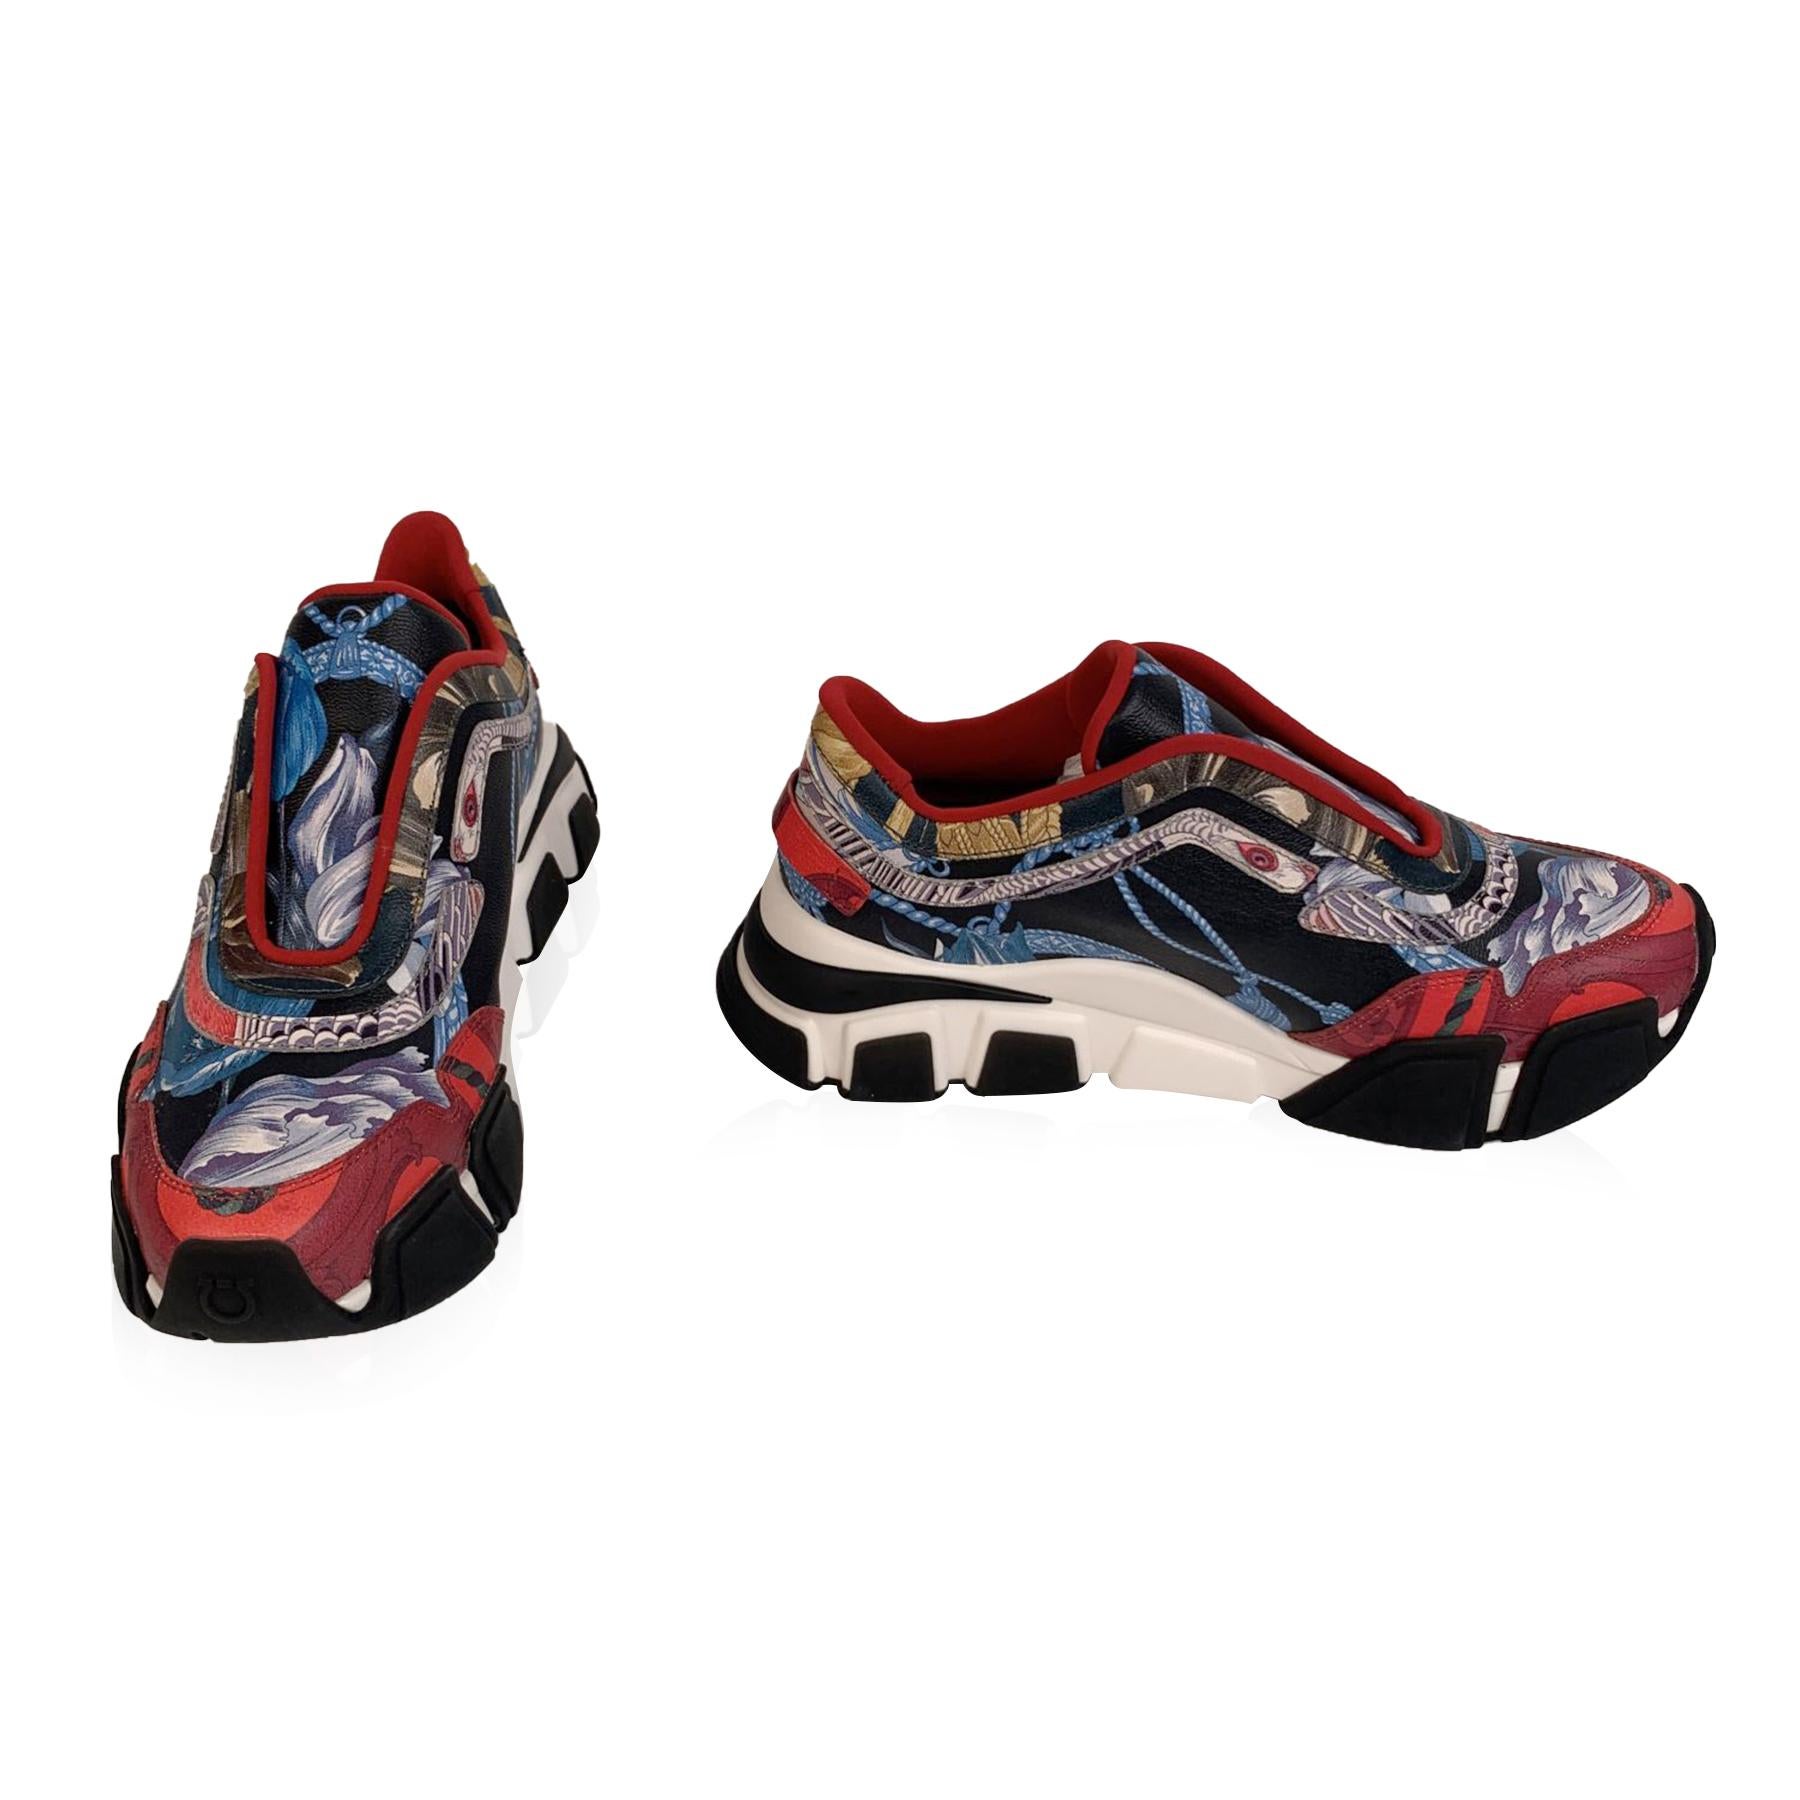 Beautiful Salvatore Ferragamo ' Gatteo ST' Sneakers. They feature a slip-on style, chunky design and a multicolored leather upper.Rubber sole. Made in Italy. Size: US 7.5 C - EU 38 (The size shown for this item is the size indicated by the designer
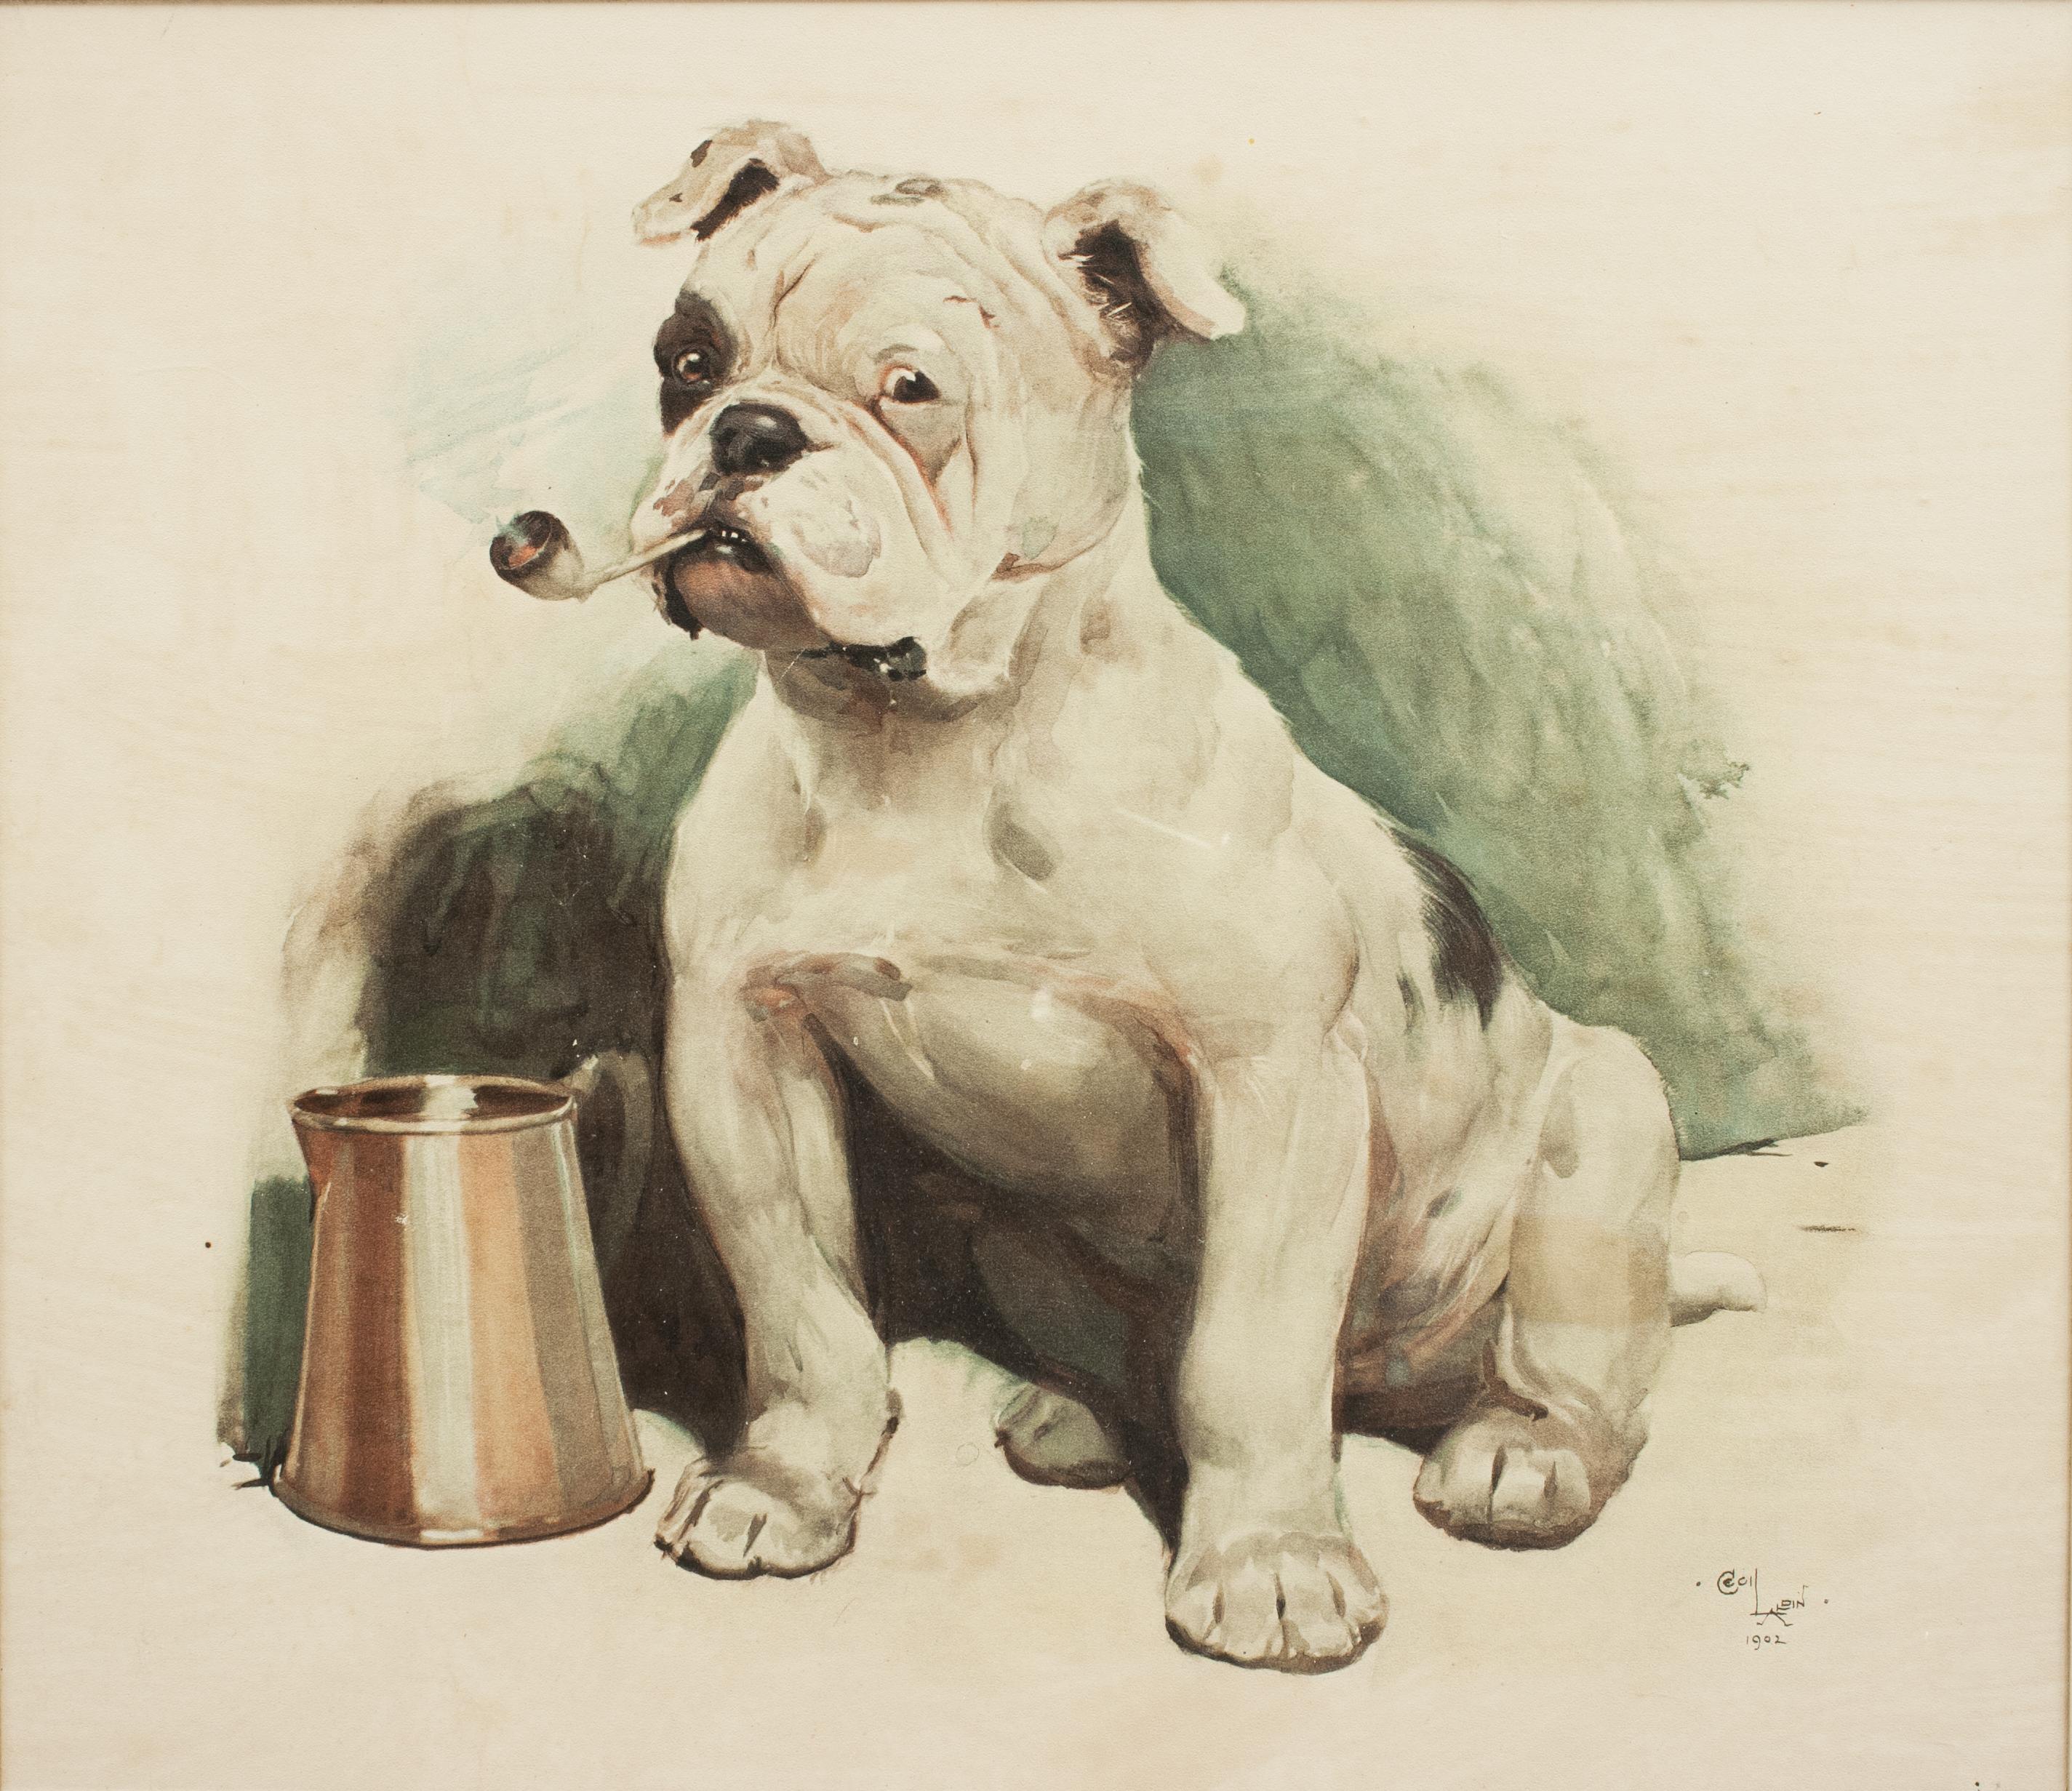 Cecil Aldin Dog Print, That's Bully.
A classic piece of Aldin's canine work, 'That's Bully'. A color lithograph with title and framed in period oak frame. 'Bully' Aldin's English bulldog can be seen standing in bold disobedience smoking a pipe next

- [WORK TASK] The task calls for repeating each line above exactly while excluding the pictures.

- [TASK RESULT]
 Beautiful Salvatore Ferragamo ' Gatteo ST' Sneakers. They feature a slip-on style, chunky design and a multicolored leather upper.Rubber sole. Made in Italy. Size: US 7.5 C - EU 38 (The size shown for this item is the size indicated by the designer
 Cecil Aldin Dog Print, That's Bully.
A classic piece of Aldin's canine work, 'That's Bully'. A color lithograph with title and framed in period oak frame. 'Bully' Aldin's English bulldog can be seen standing in bold disobedience smoking a pipe next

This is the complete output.